Another harder to explain example

This program was sent to me by Ilya Kriveshko and shows a somewhat more complicated performance pattern.  Here is his explanation:
I saw your page on double performance problems in HotSpot runtime, and (in disbelief) tried to run some more tests. To my amazement, I found that this may not even be an 8-byte boundary alignment problem. I decided not to use recursion the way you did in your Fibonacci calculation (to take that out of the equation), but use simple iteration instead. This would ensure that in the same test batch the same function would be called with the same stack frame alignment.

I use iteration to run several tests to ensure that separate test batches are run with sliding stack alignment. (Pardon my wording - I'm sure you'll understand what I mean when you look at the code.)

What I ran into showed me that the alignment problem may not be as simple as your conclusion tells. It appears that several (i.e. more than two) different levels of performance may be achieved depending on alignment on single, double, triple, etc... word boundary. Please, compile and run the attached program (based on yours, but uses iteration and computes non-sense number) and look at the pattern of varying execution times. It appears that every 2hd test takes 2-3 times longer. But on top of that, every 16th test takes 5-6 times longer. ... Actually, I just pulled the test data into a spreadsheet and made a barchart out of it.  You can see for yourself. There is a visible harmonic pattern to it.

Also, running my program with -server also exhibits a similar pattern, although the peaks are not nearly as pronounced. Overall my test rogram runs significantly faster with -server. I attached the chart for the -server run as well.

I just thought you might like to know this, since you were interested in the problem in the first place.

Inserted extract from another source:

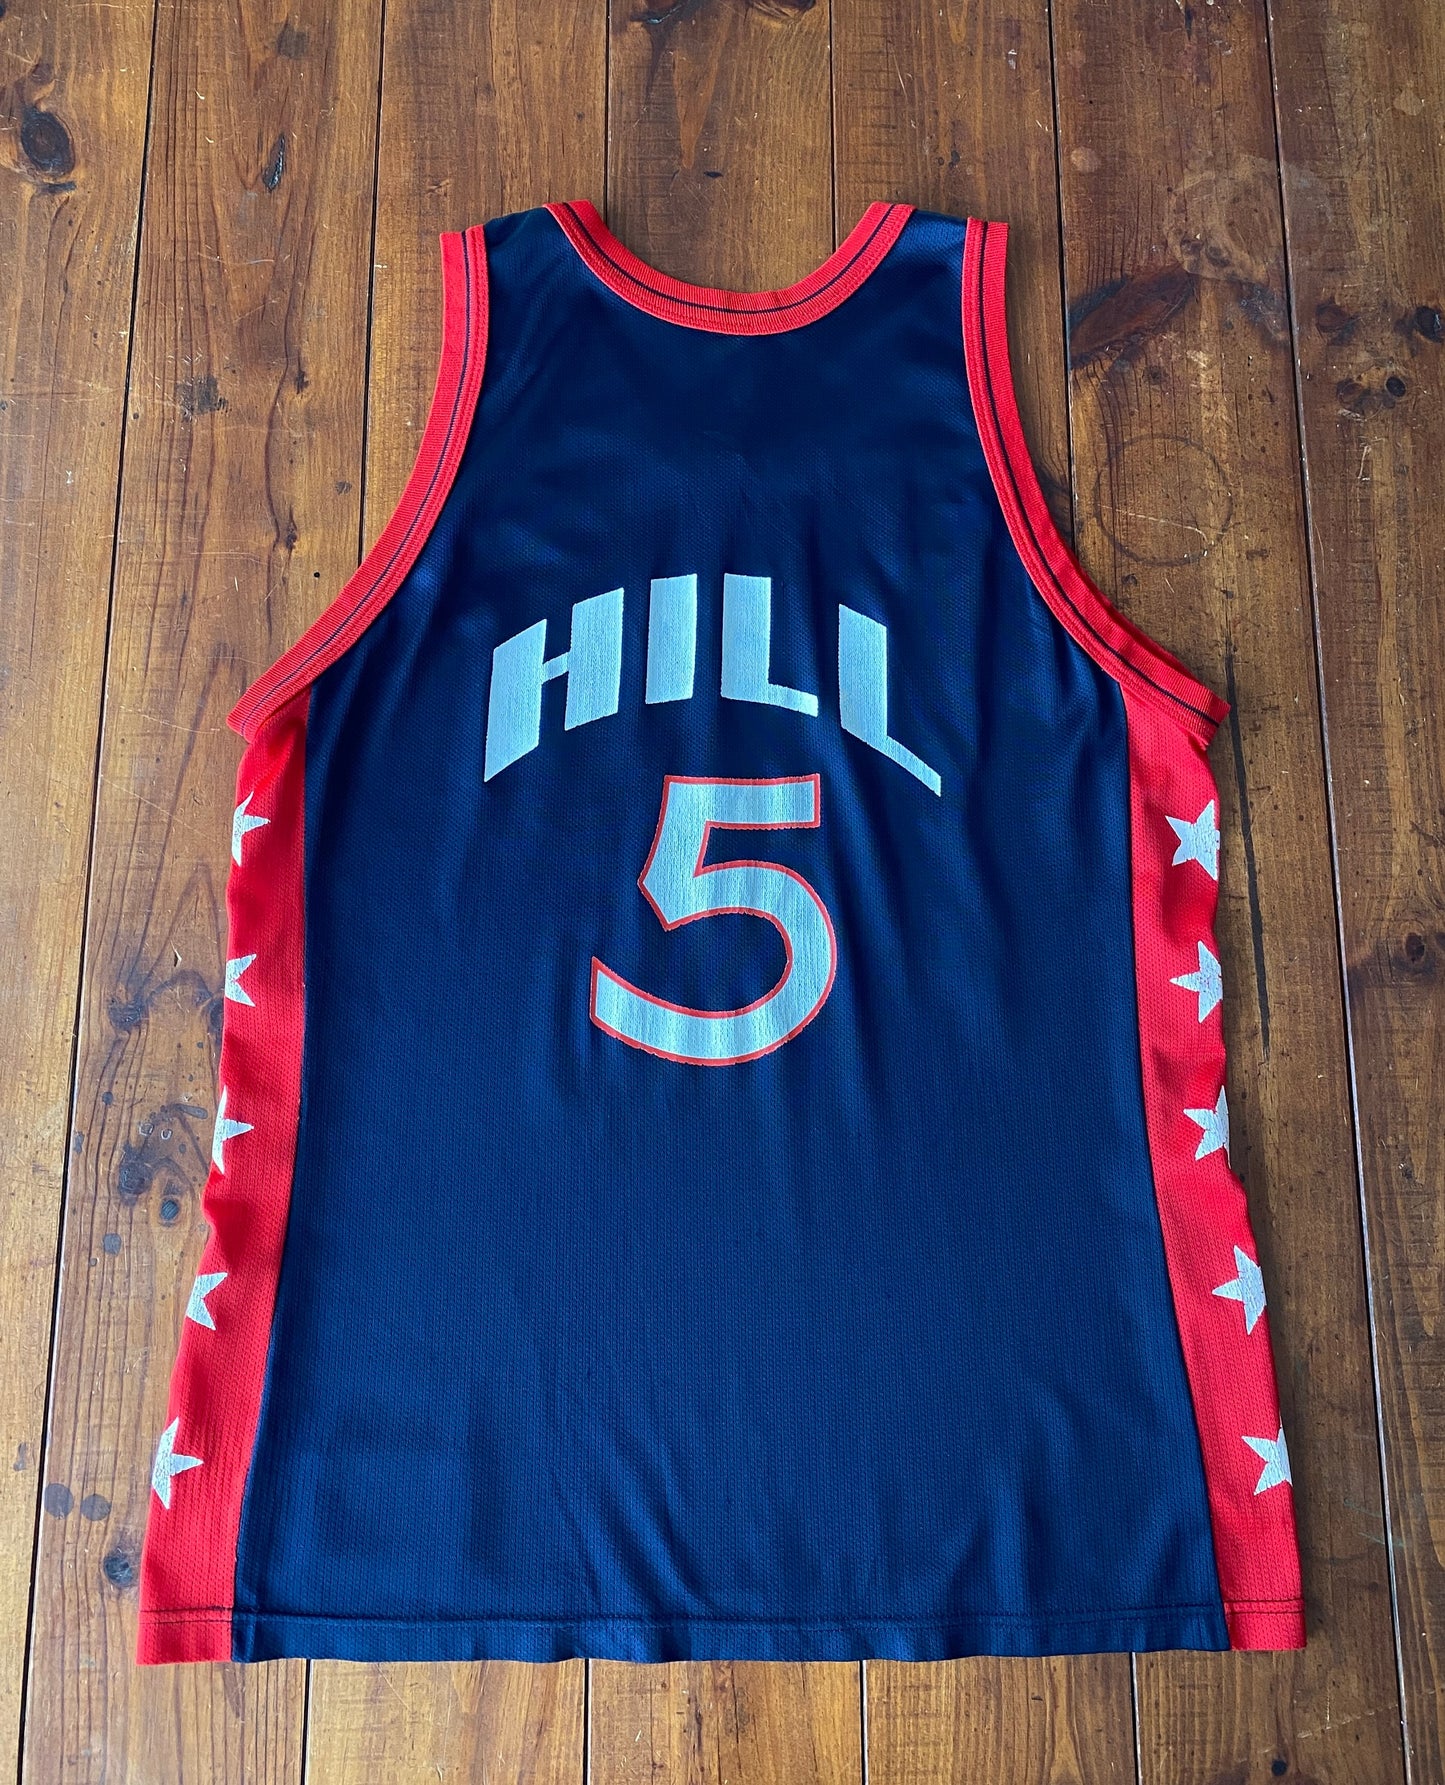 Champion USA Team #5 Hill Jersey, NBA Basketball Jersey, Size 48, Authentic NBA Jersey, Sports Memorabilia, Basketball Apparel

Also, I was hoping that you could put my test program on your website and add a comment on Sun's site referring to it, since I don't have web space readily available to me.

Thanks,
--
Ilya A. Kriveshko
And here is the program DoubleTest.java and charts of the results for client JVM and server JVM

A possible explanation?

My own best guess as to why there are complicated patterns in the results is that the penalty for a misaligned double varies depending on whether the double also crosses other boundaries such as a cache-line boundary or a page boundary.  This might explain the complex patterns in these results, but doesn't explain why the server JVM shows variations when other tests indicated that it didn't suffer from the double misalignment problem.  I suspect it would take a detailed understanding of hotspot and x86 behaviour to fully explain these results.  I was able to stabilize the performance variations somewhat in my experiments by inserting unused extra local int variables, but not fully.  Perhaps one of the hotspot engineers will eventually enlighten us.